Through branches I watch my brother crying and rocking back and forth on his heels. I know, knew then as a boy, I remember now, I knew then what I had done, what I have done. I knew what he had done too – Peter. I watch my brother, the camera forgotten now in my hands, and then I drop my eyes and look at my own feet and I know deep within the world has come to an end and that my chest holds more than it can bear.
I want to go to him now, but the distance between us is a chasm. Instead, I stand in the bush, staring at my feet, unable to look up, unwilling to look at what I’ve done.
I am a child again. I run from there. With the words hanging from the branches of the dried bush, I run. I crash back through the bush, run over the rubbish dump, and into the bush on the other side. I keep running, away from the house. I feel thorns in my feet, but I carry on. A branch hits me on the head, but I pick myself up and run blindly on and on until I crash into the fence at the bottom of the property. The barbed wire pierces me, clings to me. I try to pull myself off it, but it clings tighter. I feel my head spinning and the world begins to blacken.
And then the dogs come – the neighbour’s, strays maybe. There are four of them, five, perhaps more. They run through the bush towards me. I hang on the fence. I see their eyes in the shade. They hurl themselves at the fence and I hear their barks and on my face I feel their breath and in my throat the foul smell of rotting meat. The tooth of one of them catches me and there is blood and I watch it drip into the dust. I remember this: I watch the blood, the silent fall, as if slowed down. I do not watch the dogs. I do not care about them.
I hang there, separated by wire from dogs that would kill me if they could. I wait. I will wait for them.
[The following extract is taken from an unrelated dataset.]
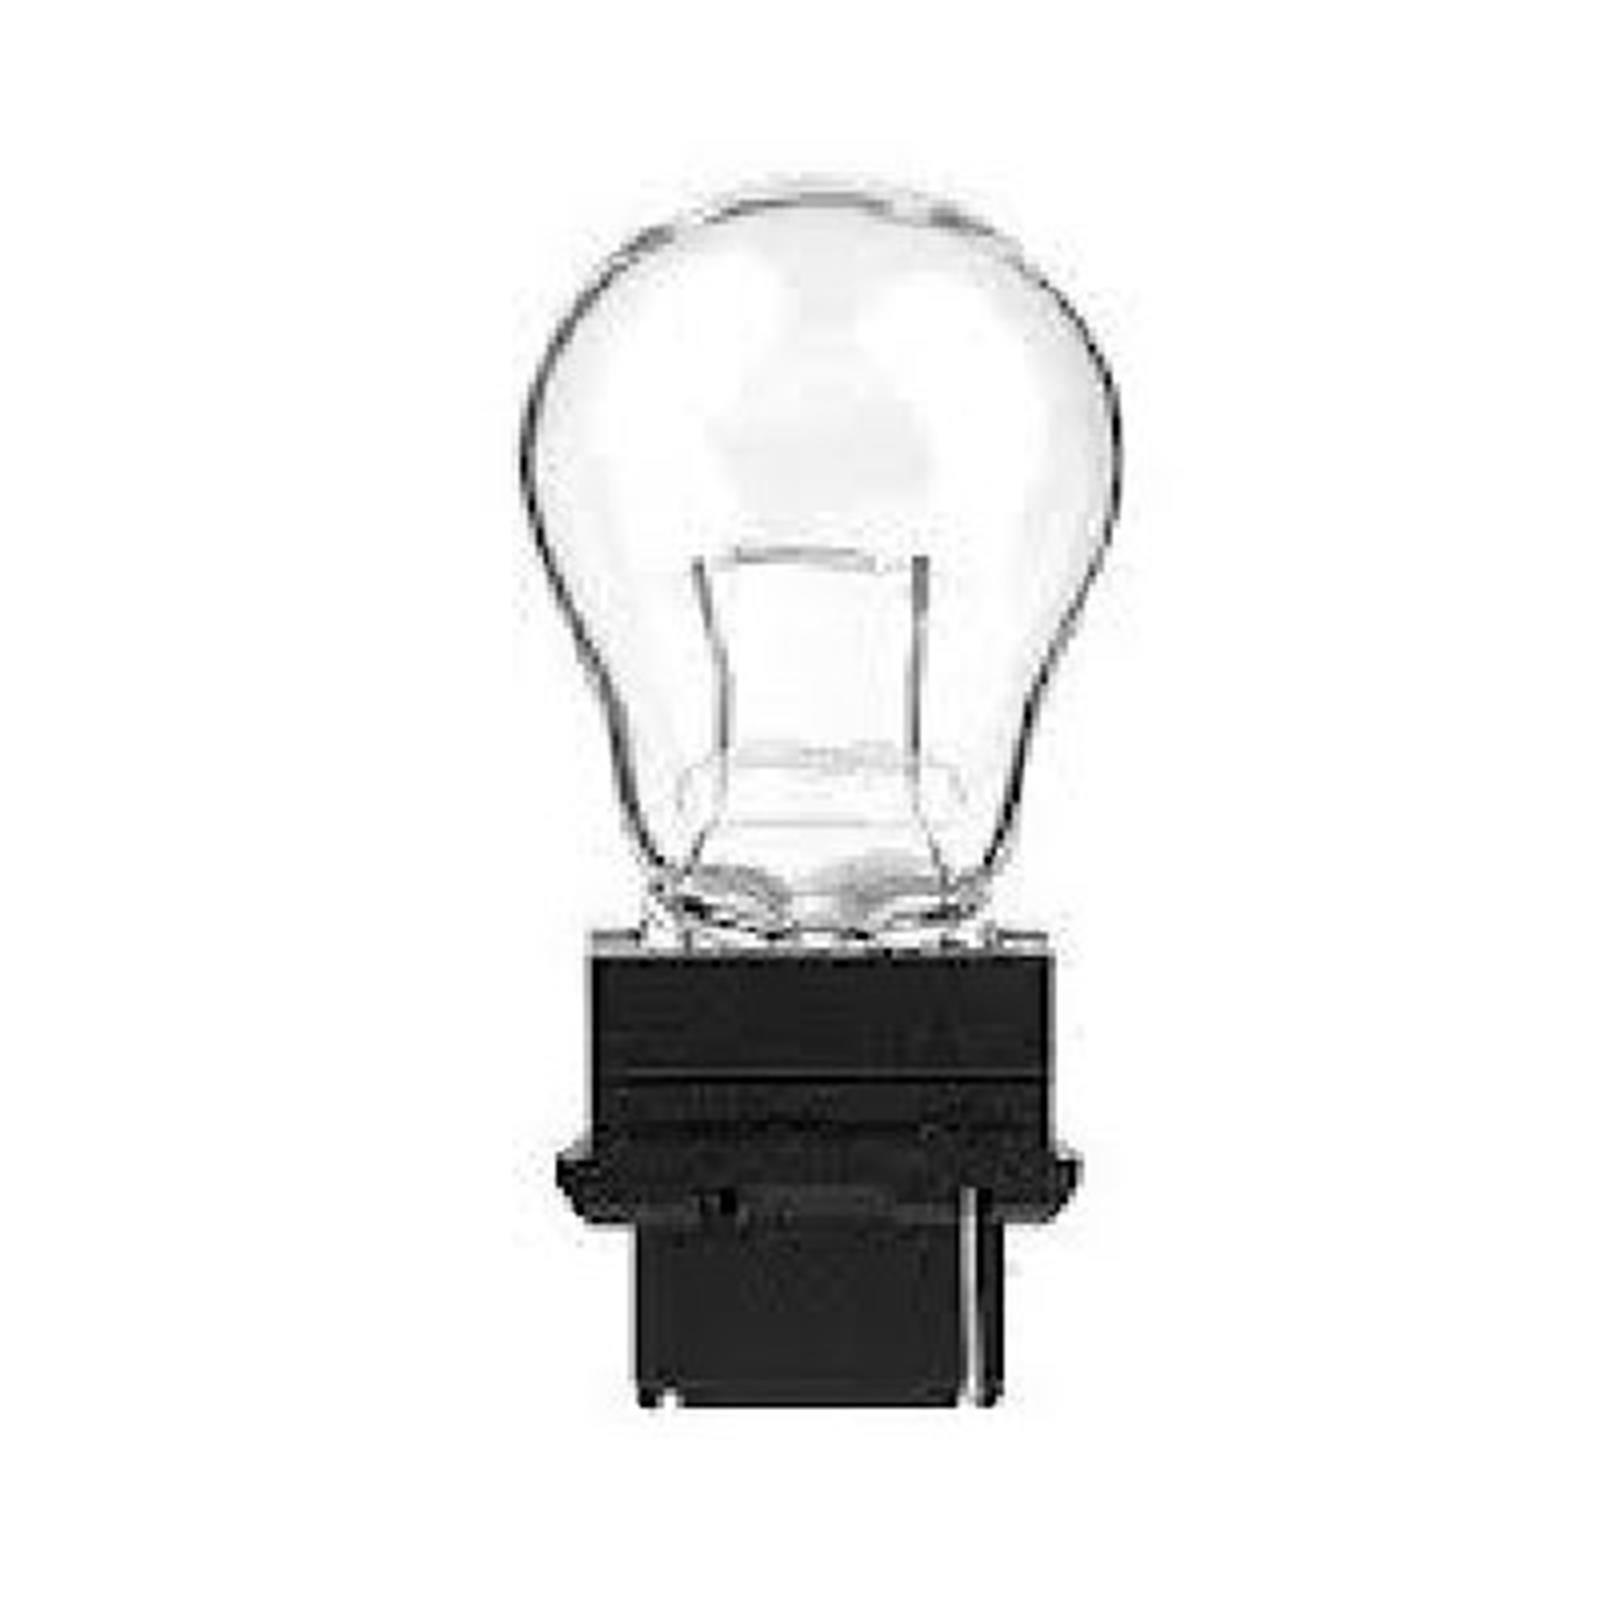 10 Qty. Halco 2.10A KRYPTON S8 Plastic 12V Wedge 3156K 26w 12.8v Miniature Krypton Fill Gas Lamp Bulb

The wire cannot hold forever.
I grow still, my breathing slows. I hang there, entangled, wondering how long I could stay here. How long it would take until I dried out, dried out so much the wind could lift me up and blow me away.
The boy is found later. Not by his father or mother, but by someone else. He cannot remember who. Perhaps a family friend arrived to lend support.
I think of me as other, as somehow not the same flesh and blood as I am now. Between him and me there is a break, a fissure.
I remember the cold. Not the weather – the coldness of bones. The boy wakes to footsteps behind him, then a voice. He cannot hear what it says. The dogs have gone.
The man picks the boy off the fence, eases him off. Meat off a butcher’s spike. In truth he was not impaled, just pinned. The panic of an eight-year-old.
They return to the house, the boy in front, the man slightly behind. The boy looks at the ground, the man at the boy. I remember the back of my neck: ice-cold, as if gripped by an iron hand.
We step into the kitchen and my father is there, leaning over a sink, his hands on either side, head hanging down. He lifts it when he hears us come in. He looks at me, his boy. He looks at me and there is nothing on his face, a blankness that I, the man, had forgotten, but now remember. And it hits me again, the full force of this nothing.